Some Reflections on Violence (Michael Campbell)

What is violence? Webster has "the use of physical force so as to injure, abuse, damage, or destroy". Such a definition tallies with ordinary usage; we speak of a violent storm, of rugby as a violent sport, of protests as descending into violence when private property is damaged or destroyed, and so on. However, ordinary usage here misleads, insofar as it invites us to overlook certain important distinctions. In particular, we need to take care to distinguish between damage which is inflicted upon an individual against his or her legitimate wishes; damage which an individual actively and reflectively welcomes; and damage which occurs in a context where it makes no sense to speak of a person's consent. Attention to these differences is important if we are to avoid confusion in our evaluative judgements, for it is widely assumed that 'violence' is ipso facto morally problematic; that it stands in need of special justification. If this is so then it becomes especially important to clarify the concept's proper extension. And, I would like to suggest, we often call things 'violent' when we shouldn't and don't call things 'violent' when we should.

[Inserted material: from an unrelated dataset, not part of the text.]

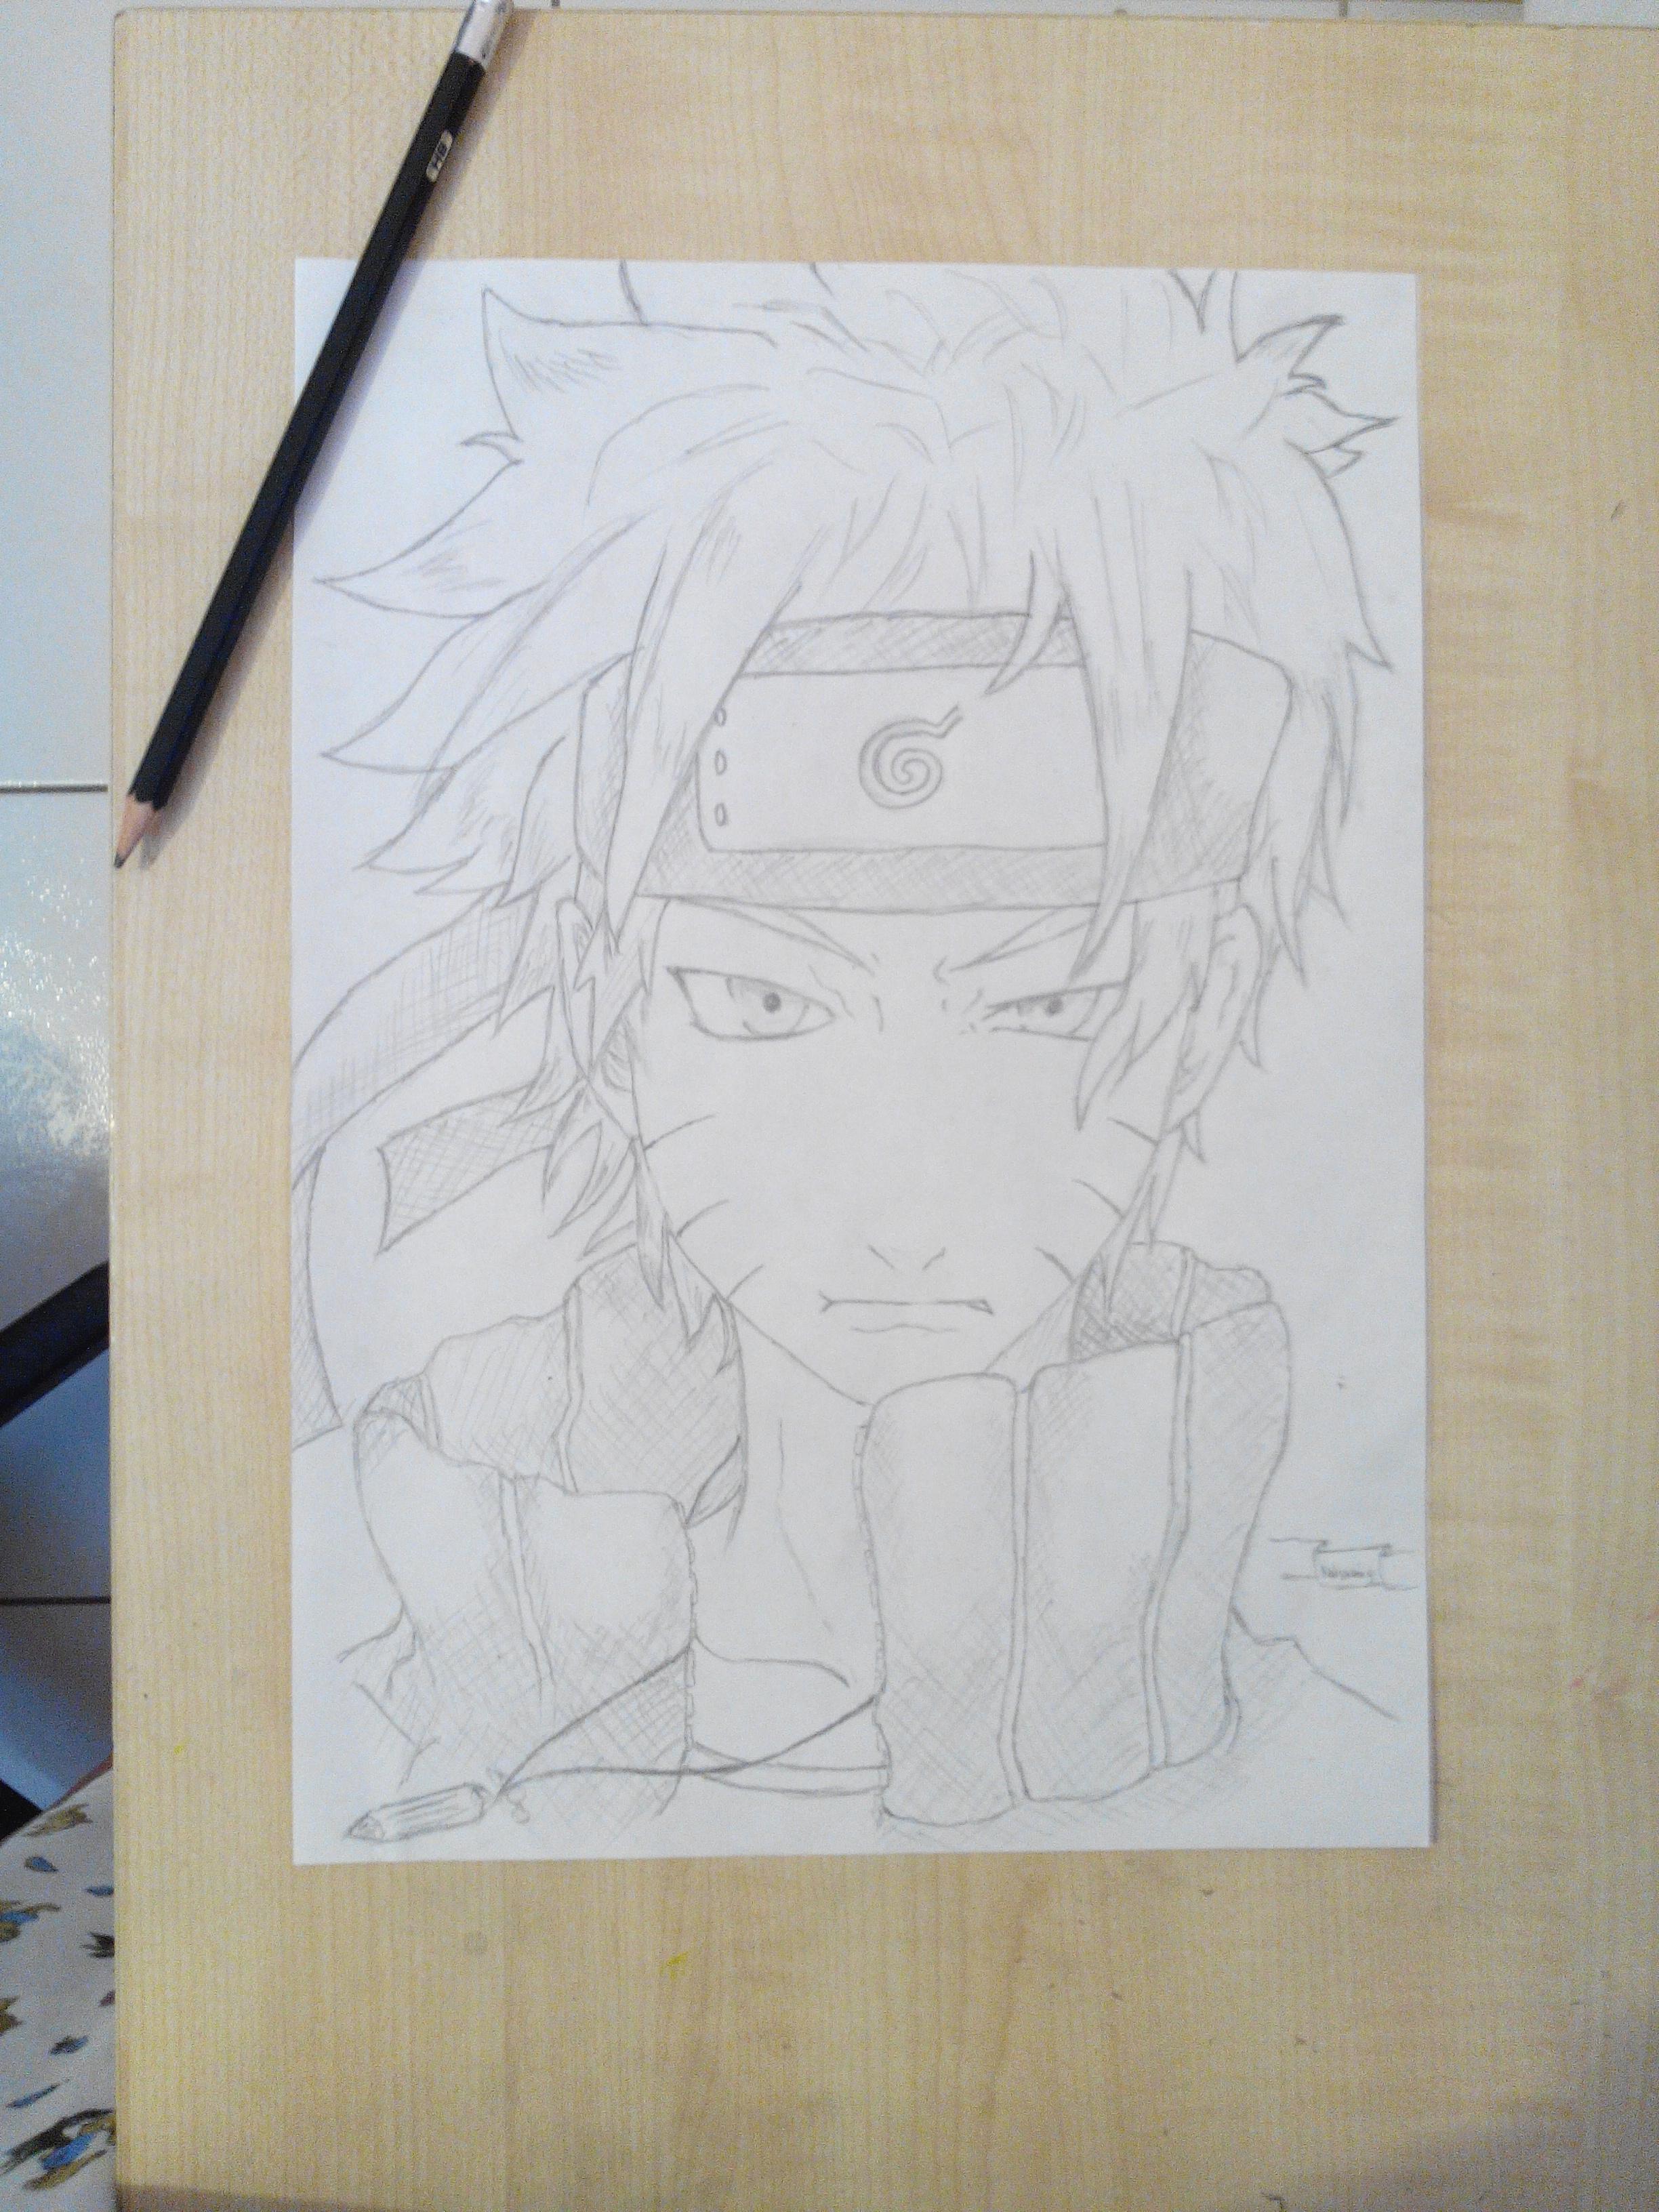 Dessin Naruto Shippuden Pencildrawing Fr

Thus, it is easy to overlook the fact that not all cases of physical harming are properly called violence. Invasive surgery and tattooing both involve damage to the body (in the form of scarification or wounds which take time to heal), but are not therefore violent acts. Equally, exposure to the wind and rain cause damage to the body but are in ordinary conditions (arguably) not a case of violence, but part of the ordinary degradation which arises in the normal life span of our type of organism. And from the other direction, people can suffer violence without its involving anything which we would naturally describe as 'physical harm'. Insulting words and belittling behaviour, when the circumstances are serious enough, constitute a form of violence against another. And, to take a more serious example, when victims of sexual abuse speak up about their experiences, they are often disbelieved. Such disbelief is often experienced as a form of violence; the feeling of having one’s reality questioned and one’s testimonial authority undermined exacerbates the harm of the original attack.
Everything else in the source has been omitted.